08:17:05.385 [main] INFO a.t.s.c.i.c.DefaultConstructionHeuristicPhase - Construction Heuristic phase (0) ended: time spent (210), best score (-1hard/-521soft), score calculation speed (1355/sec), step total (6).
08:17:15.175 [main] INFO a.t.s.c.i.l.DefaultLocalSearchPhase - Local Search phase (1) ended: time spent (10000), best score (-1hard/-261soft), score calculation speed (155967/sec), step total (1030).
08:17:15.176 [main] INFO a.t.s.core.impl.solver.DefaultSolver - Solving ended: time spent (10000), best score (-1hard/-261soft), score calculation speed (152685/sec), phase total (2), environment mode (REPRODUCIBLE), move thread count (NONE).
🍞 Bread: 0.6
🥛 Milk: 0.6
🧀 Cheese: 0
🥔 Potato: 0.4
🐟 Fish: 0.5
🍶 Yogurt: 1.05
Total fat: 8.19
Total carbs: 42.91
Total protein: 21.38
Total calories: 418.80
Total cost: 10.45
Score: -1hard/-261soft
----
Given the amount of time we gave the solver, and using the
default search algorithms, we couldn't even meet all hard constraints.
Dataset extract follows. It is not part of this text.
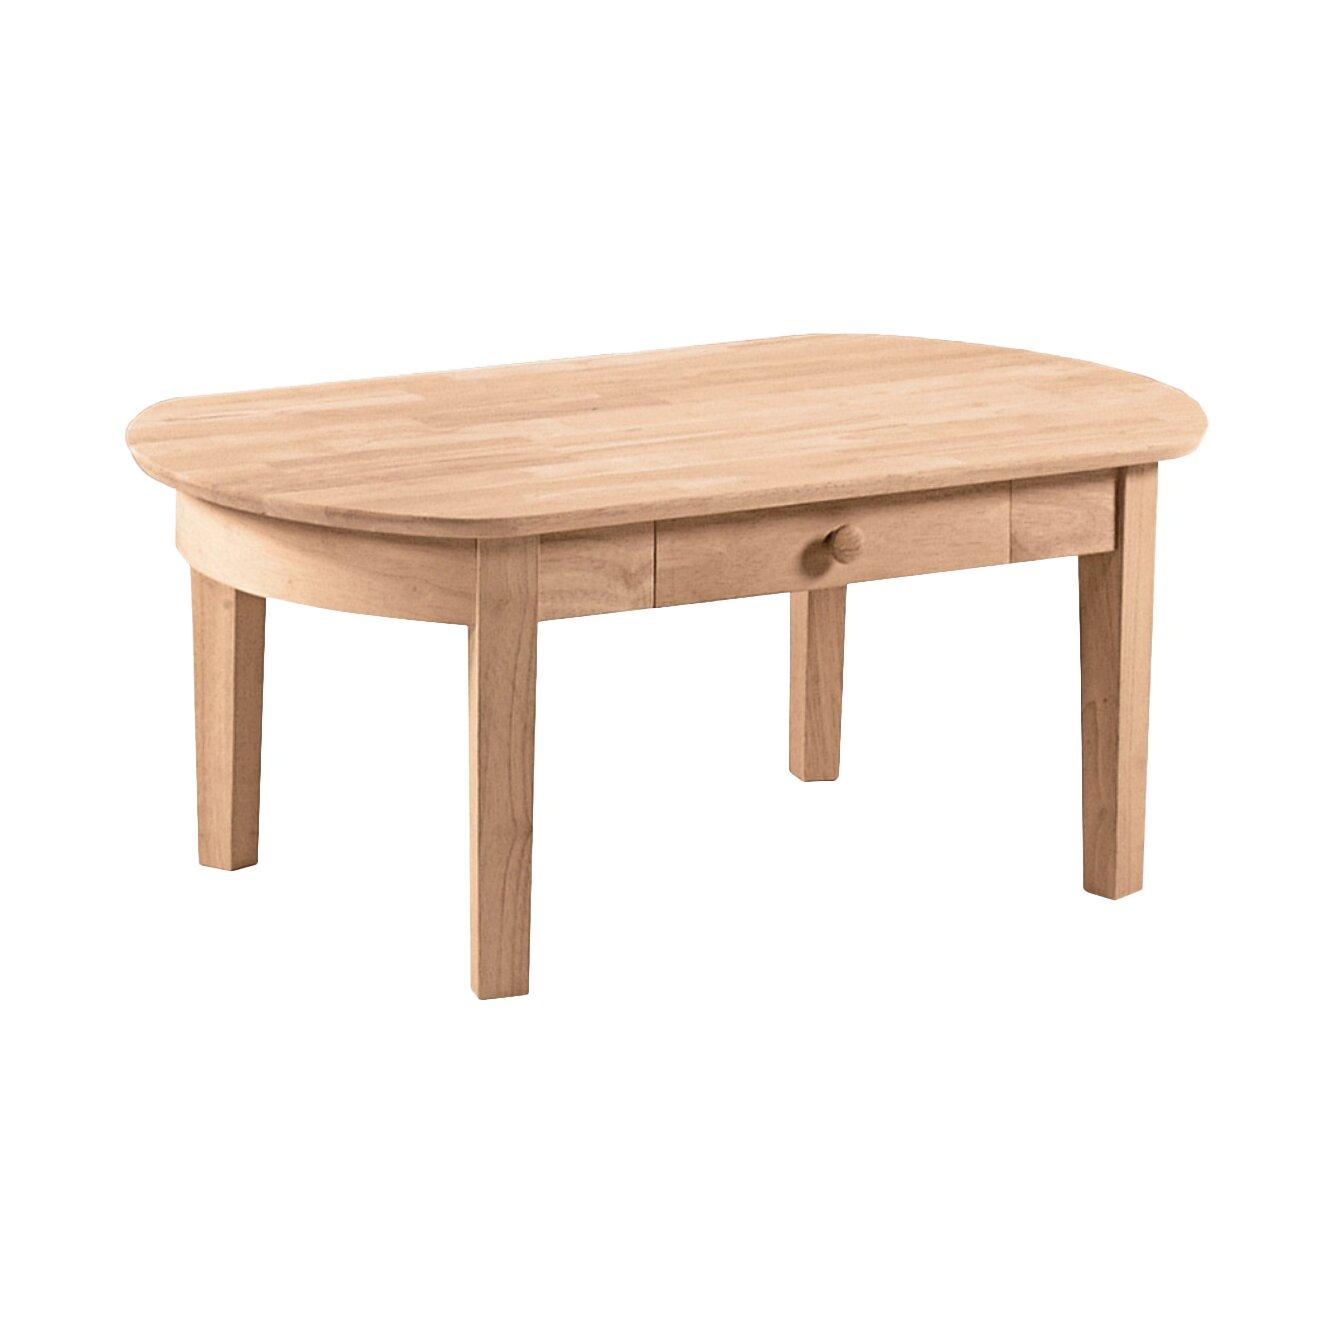 Unfinished wood philips coffee table wayfair for Unfinished coffee table
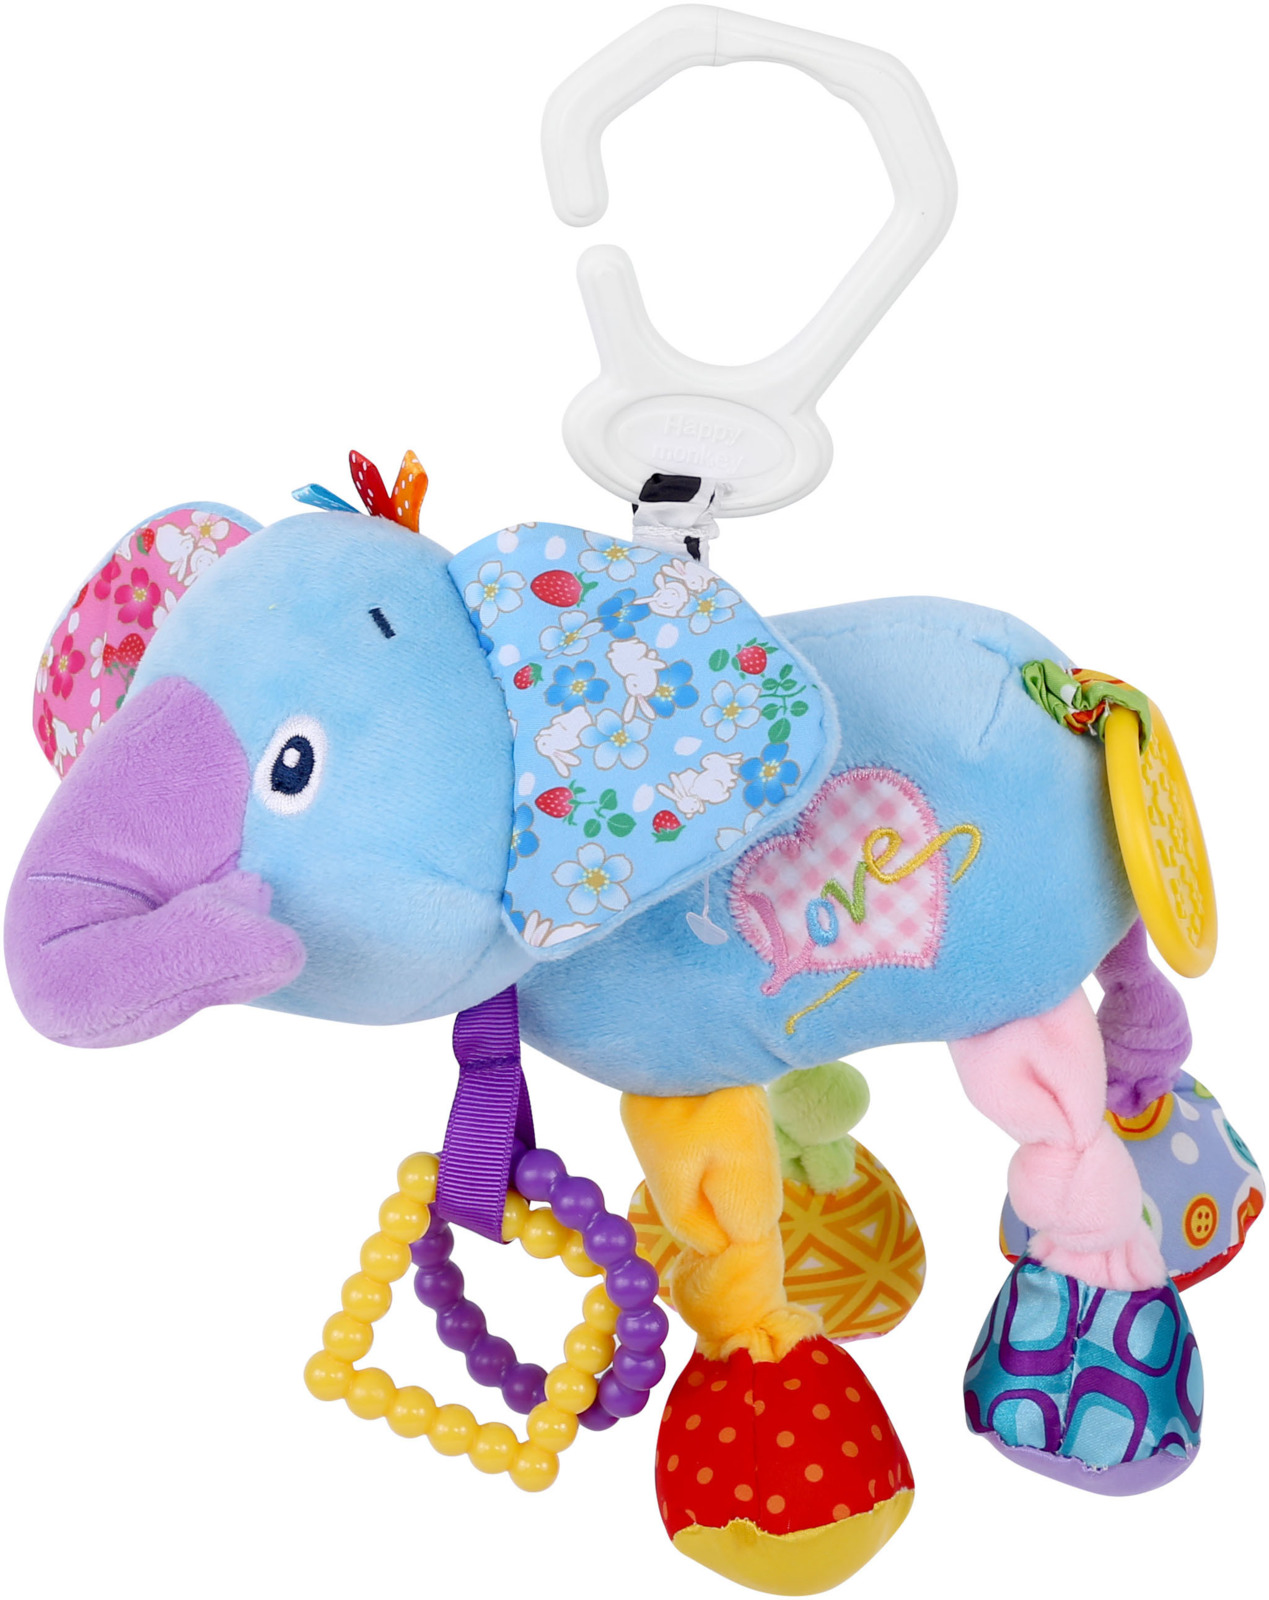 Развивающая игрушка Lorelli Toys Слоник. 1019117 развивающая игрушка lorelli toys обними меня мартышка 10191260001

The search space was so vast, that we never reached an area in the
search space where all constraints were met.
The good news is that we can provide additional guidance, so that
the solver heads in better directions during its searching.
Here is one possible additional configuration that we could supply,
along with the updated `config` definition:
[source,groovy]
----
def construction = new ConstructionHeuristicPhaseConfig(constructionHeuristicType: FIRST_FIT)
def moveSelector = new UnionMoveSelectorConfig([
new ChangeMoveSelectorConfig(),
new SwapMoveSelectorConfig()
])
def localSearch = new LocalSearchPhaseConfig(localSearchType: VARIABLE_NEIGHBORHOOD_DESCENT,
moveSelectorConfig: moveSelector)
def config = new SolverConfig()
.withSolutionClass(DietSolution)
.withEntityClasses(Food)
.withConstraintProviderClass(DietConstraintProvider)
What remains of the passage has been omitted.